Identifying cognitions is part of teacher expertise
All too often we categorise learning activities and assessment based on the content they cover. If we did the activity above, would students go home and say they studied the Aztecs? Because they really didn’t. What they did was develop their ability to analyse images and the thinking of others, explain their reasoning, evaluate the claims and reasoning of their peers and justify their own positions and critiques. Not a bad day’s work. Sure, this could then lead into learning about the Aztecs, in fact it’s a great way to do so, but it need not be the point.
Notice that in this activity I led with the cognitive instruction infer, but I did so in full knowledge of the other skills that would be required, in particular knowing it was a GT activity. This kind of learning design, in which thinking can be targeted with precision and intentionality, is the hallmark of expert teachers in the domain of teaching for thinking.
There are many other things to discuss about the GT, including its role in growing dispositions/virtues characteristic of good thinkers, and the development of norms of collaborative reasoning. But my main point is to provide an alternative to Bloom’s taxonomy. What good teachers do with it is up to them.

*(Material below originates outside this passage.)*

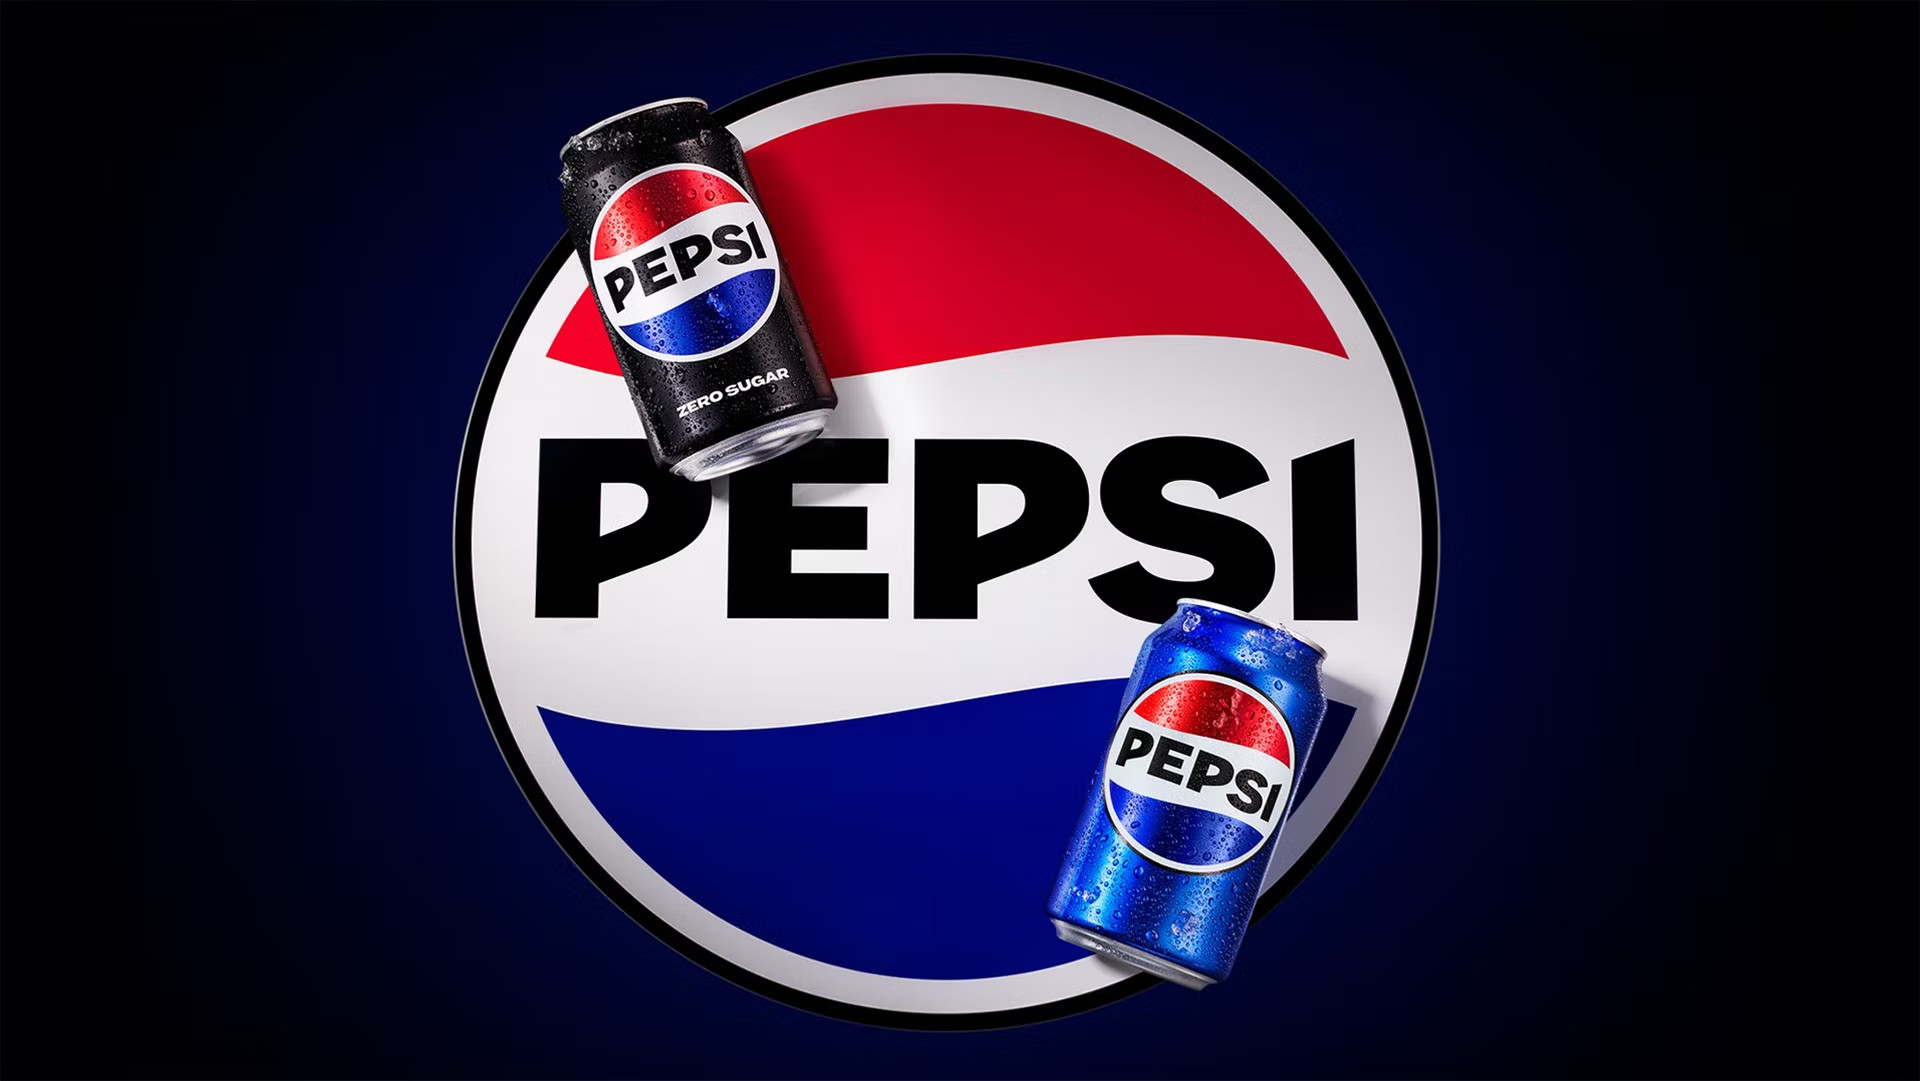 Pepsi new logo

Teachers, think about your favorite learning experiences with students. I’ll bet it’s a Golden Tetrad one.
My next post will probably be about the false dichotomy between teaching for thinking and developing content knowledge, but I’m always happy to take suggestions!
Loving your posts Peter! After reading this, I’m really intrigued now on your thoughts about learning intentions and success criteria. How can we best portray the interrelatedness of these cognitive skills to our students but also support them in understanding what success looks like? Maybe a future post? Can’t wait to hear your perspective on the false dichotomy!
I'm struck by the thought that those Golden Tetrad skills all require some buy-in on the part of the student. In order to evaluate, analyze, justify, or explain, students first have to care; they have to be motivated to do that.
And there's a reason why no one goes home and says, "Yea! I learned to analyze today."
I'm also thinking about how any framework, whether it's Bloom's Taxonomy or the Golden Tetrad can turn into a Procrustean framework when it's used as a measurement of what makes a good lesson, a bit like Campbell's/Goodhart's Law.